Dodd-Frank WallStreet Reform and Consumer Protection Act (2010) :

  • The Dodd-frank act came into consideration as a response to the great depression, 2008 Sub-prime crisis.
  • Signed into federal law by Barack obama , with a lot of fiancial reforms and regulations after the failure of Financial system during great depression followed by 2008 crisis.
  • To bring significant changes in the federal financial regulatory agencies and every other financial services industry of the country.

The changes and regulations brought up by the dodd frank act would prevent a crisis like that of 2008 to happen again as the major goals and objectives that are to be taken care of this act are:

  • To promote the financial stability of the US by improving accountability and transparency in the financial system.
  • To make an end of "too big to fail"
  • To protect the US taxpayers by ending bailout.
  • To protect people from Financial services which have hidden intent and abusive.

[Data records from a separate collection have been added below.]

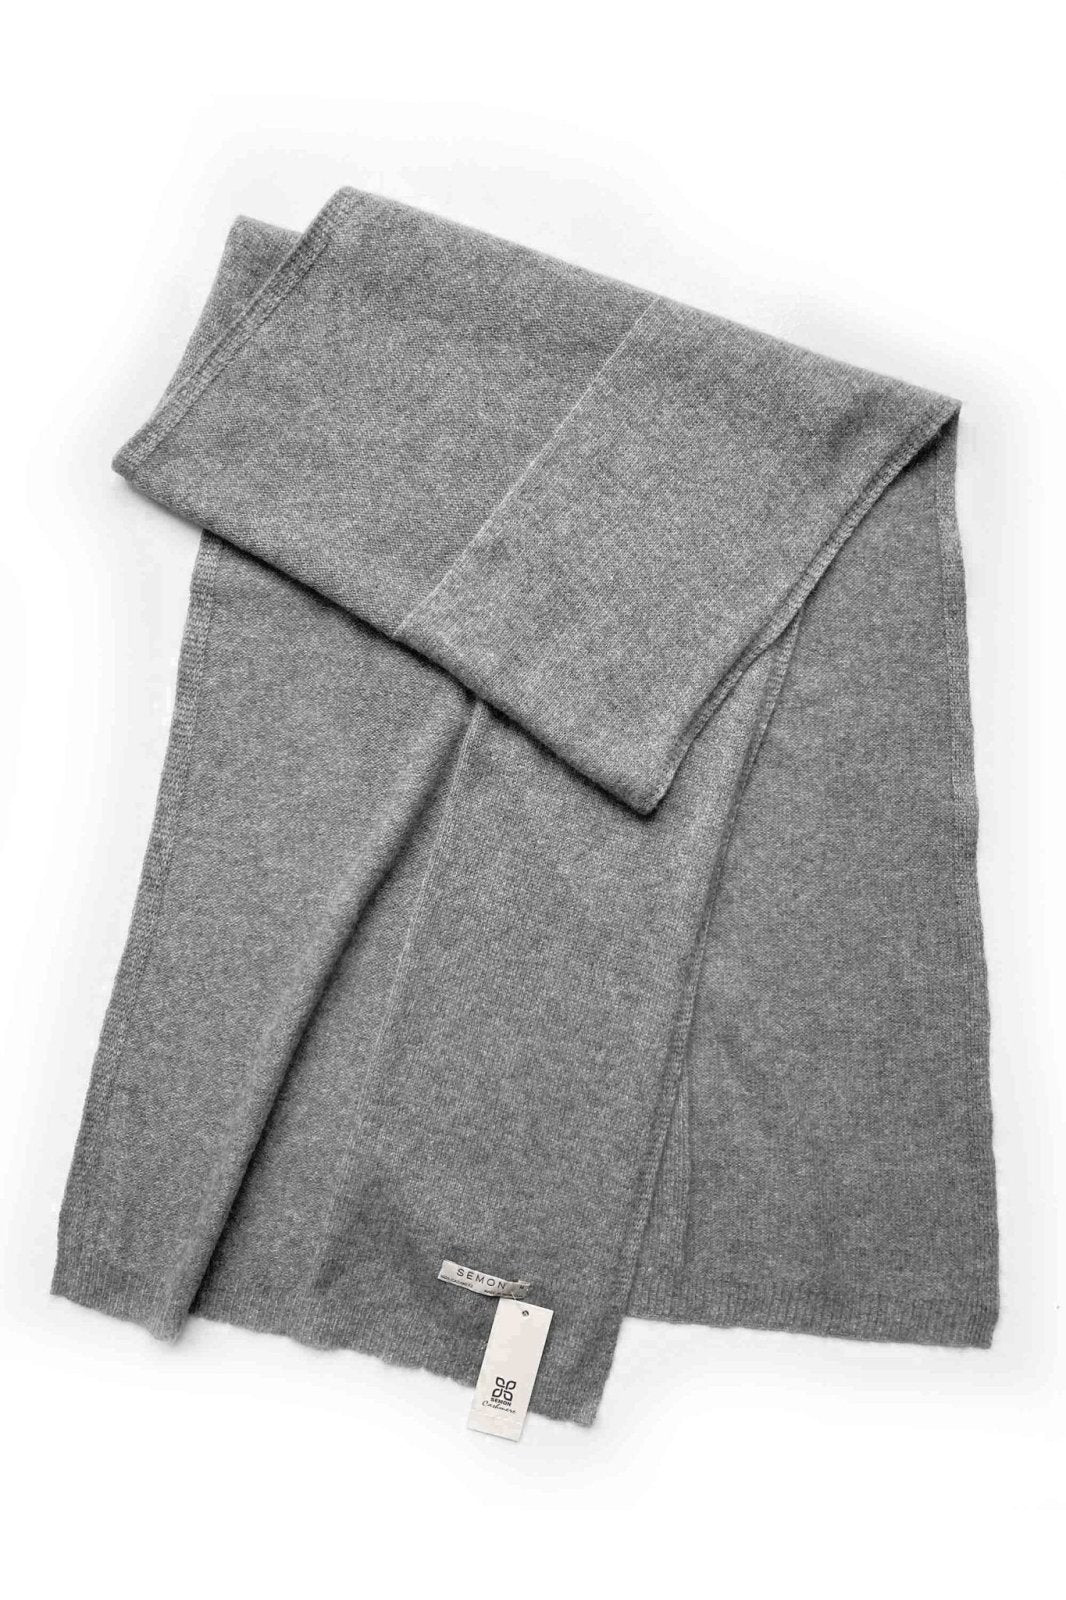 Unisex cashmere scarf in mid grey - SEMON Cashmere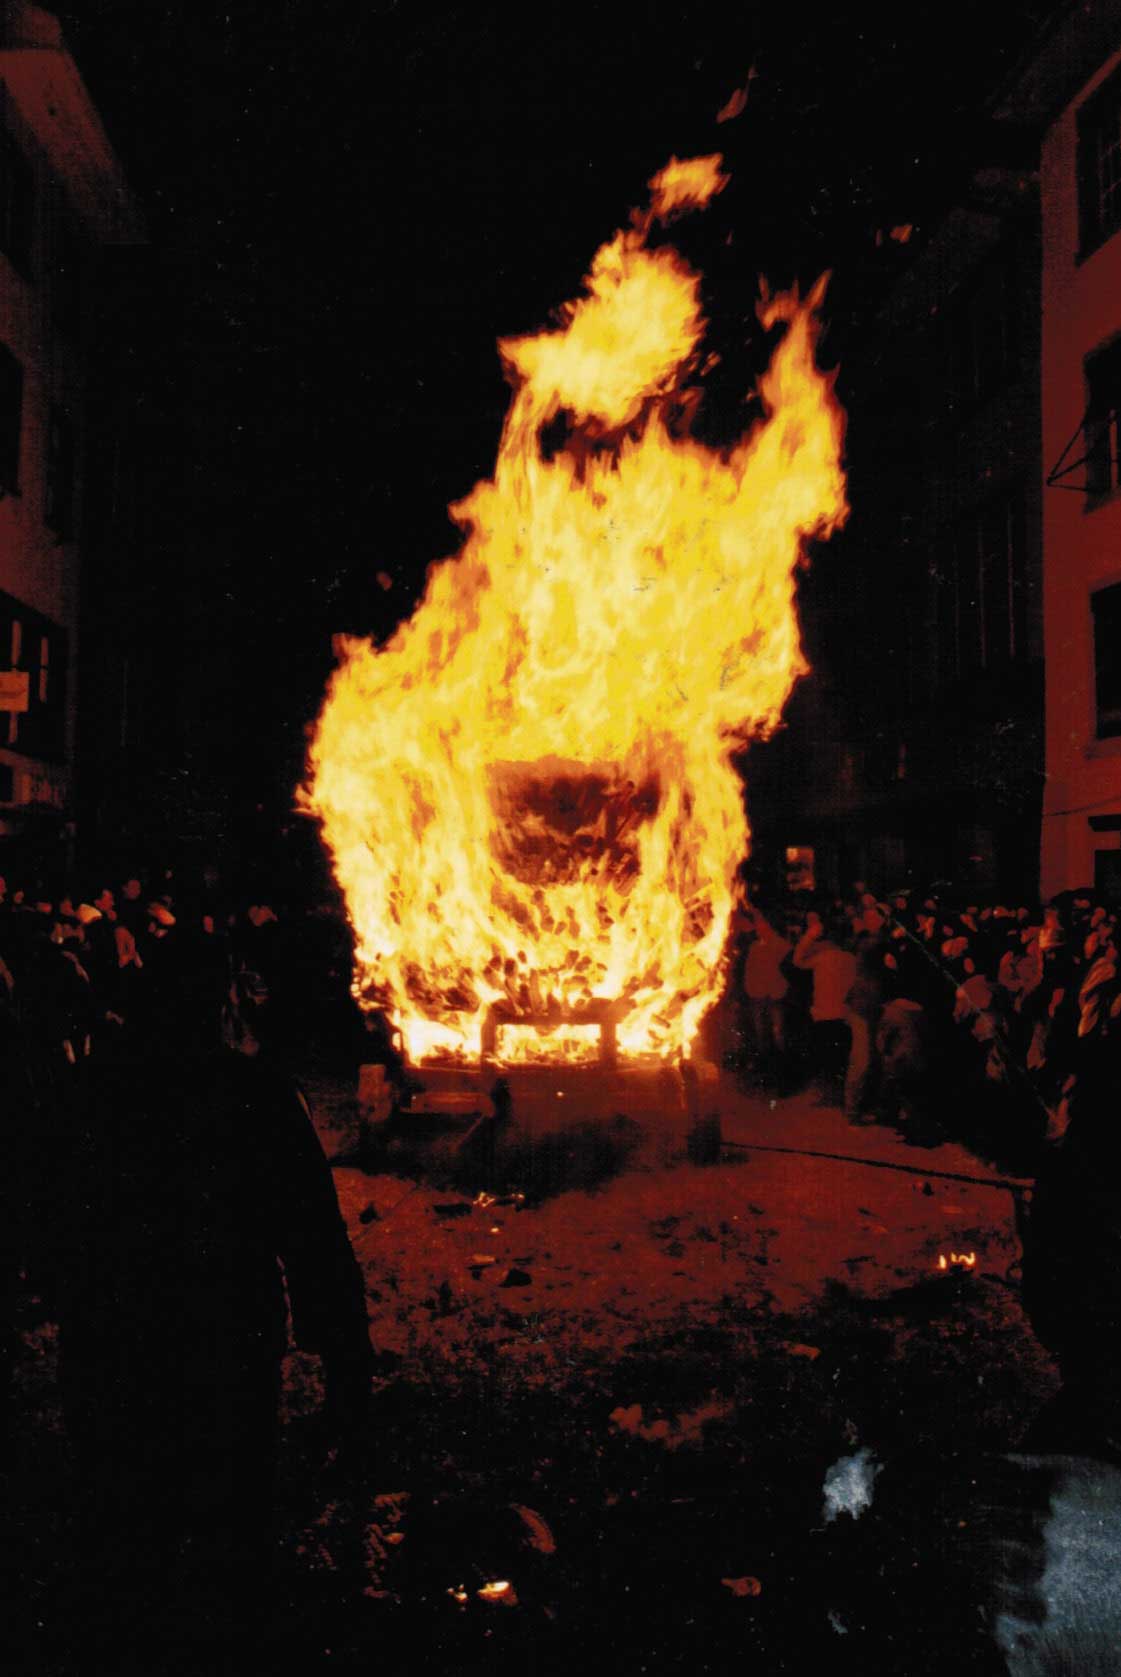 La foule des spectateurs recule devant le brasier infernal, 2004 © Hanspeter Meyer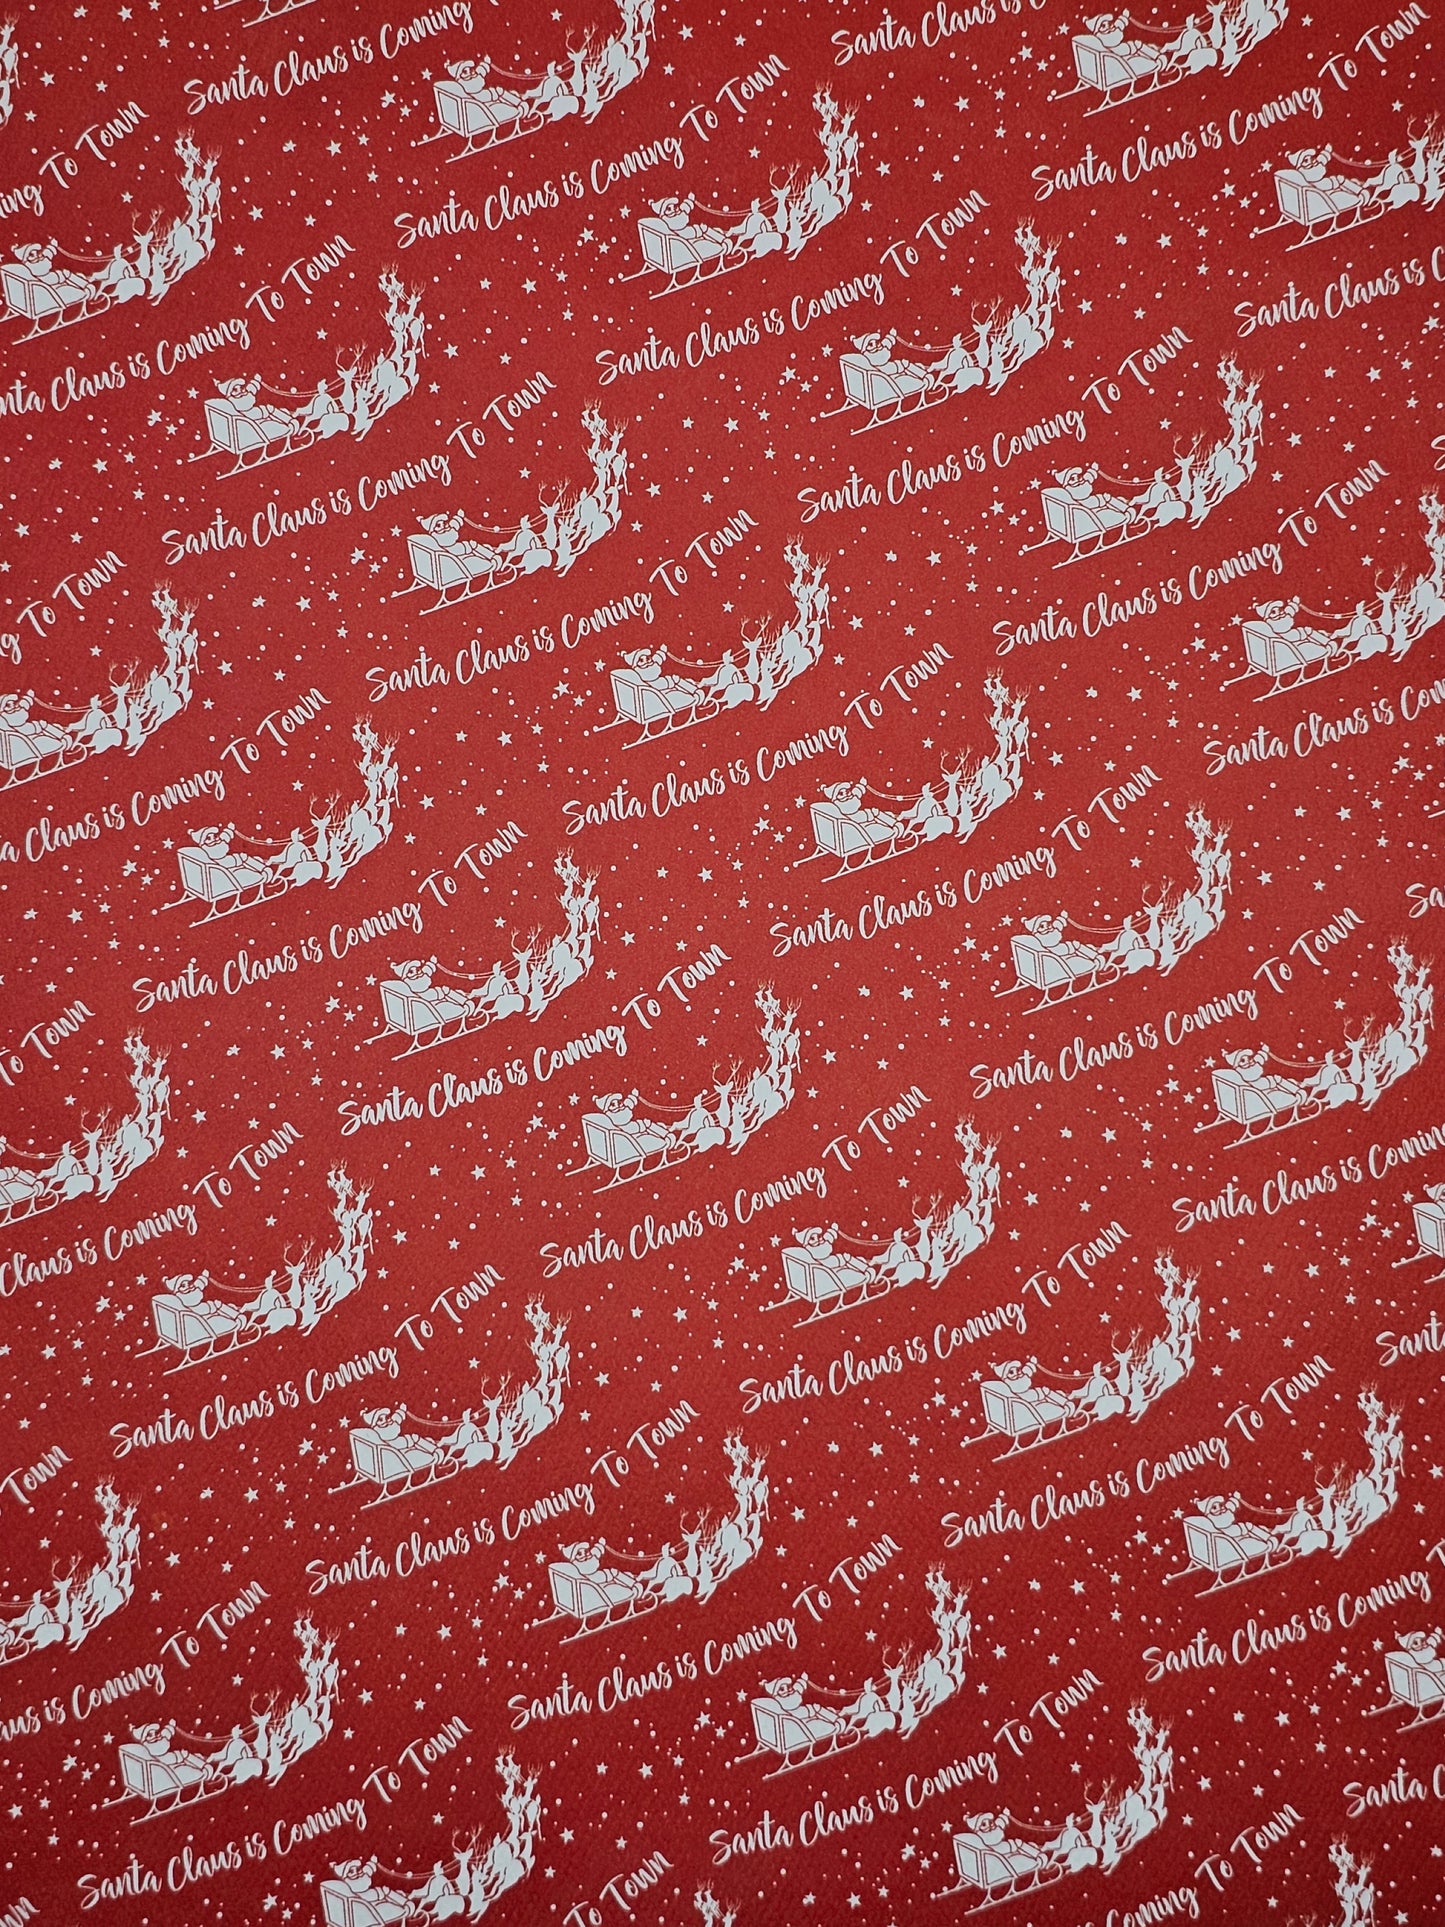 Santa and His Reindeer (Carta Bella's "Dear Santa" Collection) -12x12 Sheet

The significant changes that are brought :

  • To streamline the regulatory process, the aim is to create host of new agencies (with the help or mergers and removals)
  • Institutations which poses systematic risks need to be oversaught increasingly.
  • Amending,changing and improving transparency in federal reserve act .
  • The act emphasize on rigourous standards and supervisions to protect the economy and American consumers.

With Volker Act (Part of Dodd frank Act ) in practice, the banks are suppose to limit speculaative trading and eliminate proprietary trading thus making it difficult for the banks to be profitable.

It also regulates financial firms use of derivatives to restrict banks from taking larger risks which might wreak havoc in the financial system. IT also contains provsion in regulating credit default swap which was the major cause of 2008 sub prime crisis.

However, the community banks are at a loss because of the act as the regulations would be too stringent for them.The limited capacity would make take them out of the standardized financial modelling , might face a surge in the operational cost, unclear consequences, hampered potential growth and a reduction in the net income etc.

The difficulties are enormous for small banks which had little to do with the sub prime crisis or great depression.